Я посмотрела на него.
Граф не вызывал опасений, не давил властностью как Дмитрий, не был породист как Одоевский. Стройный, круглолицый, даже немного женственный, он вызывал ассоциации со щенком спаниеля. Только щенок этот при желании мог откусить тебе руку.
Пятый. Незаметный, неизменно улыбающийся. Чеширский кот.
– Поделитесь? – произнесла я.
Я не помнила его среди гостей отца. Не помнила, чтобы мы виделись у кого-то другого, в той, прежней жизни. Совершенно точно не встречала я его и в Департаменте. Пожалуй, его ответ был интересен мне.
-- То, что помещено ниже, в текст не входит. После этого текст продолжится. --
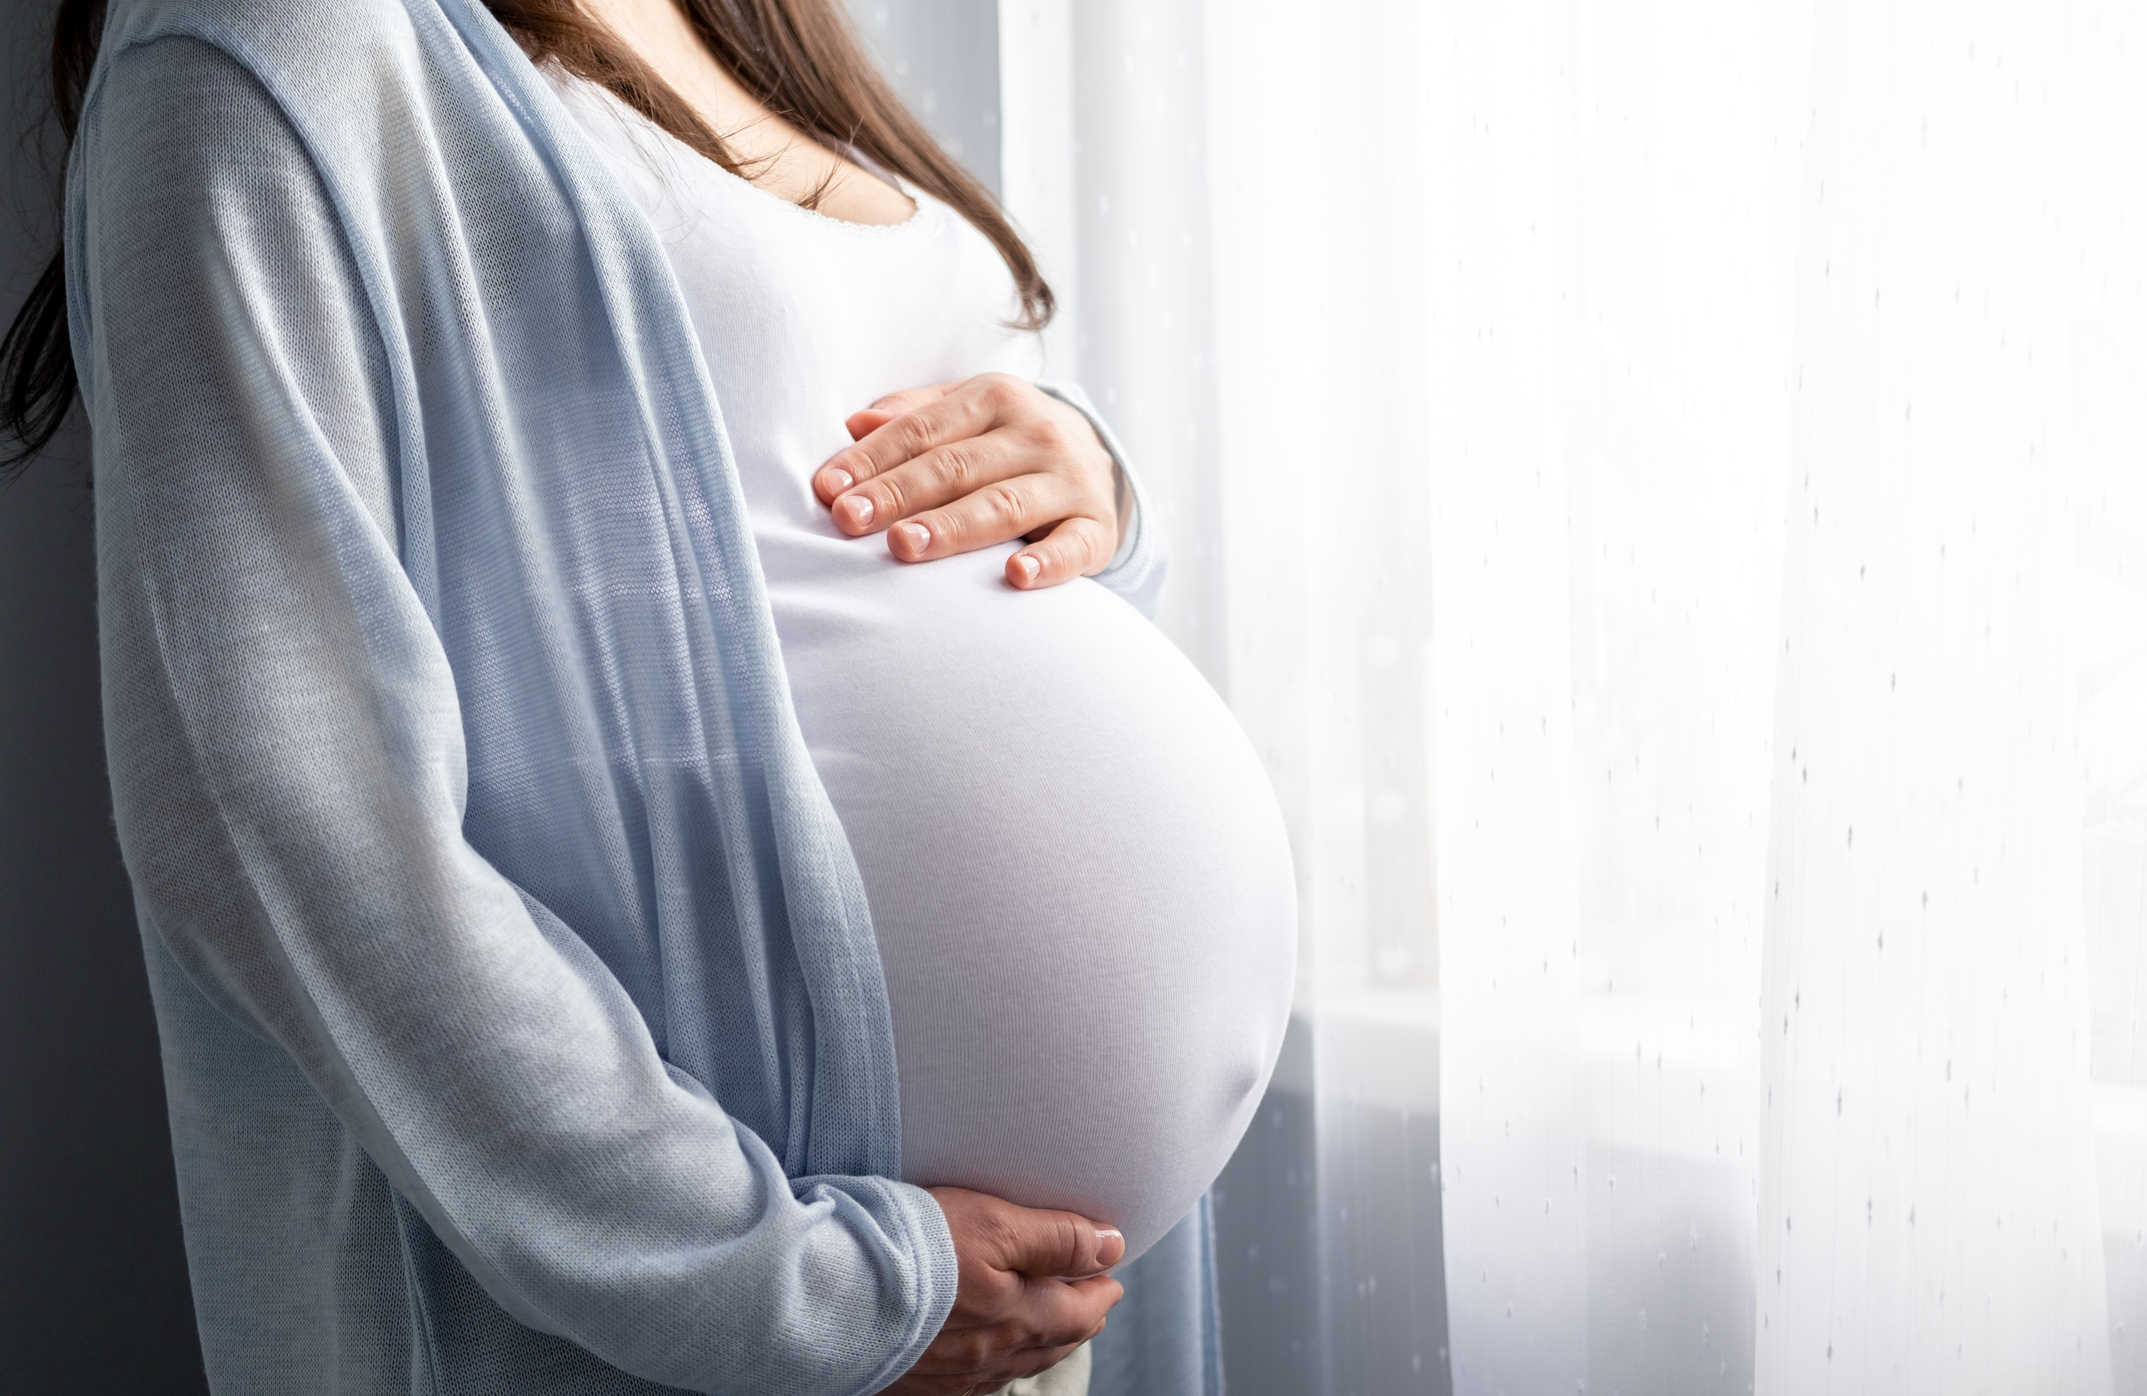 Πώς επηρεάζει η εγκυμοσύνη τα μάτια και την όραση

– Я видел вас на фотокарточках.
– Фотокарточках? – я нахмурилась.
– Да. Фотокарточках. Я дружен с Николаем Денских. Ваша фотография до сих пор стоит в гостевой комнате. Еще с тех самых времен, когда спальню эту занимала его сестра.
– Вы наблюдательны, граф, – заметила я.
– Нет, – небрежно отмахнулся он. – Это целая драма. Городской особняк Денских два года назад перешел к Николя. Он рассорился с сестрой, и отказался пускать её в дом. Личные вещи он отправил Анастасии с посыльным. Фотография оказалась забыта на той самой тумбочке.
– Действительно. Драма, – я кивнула.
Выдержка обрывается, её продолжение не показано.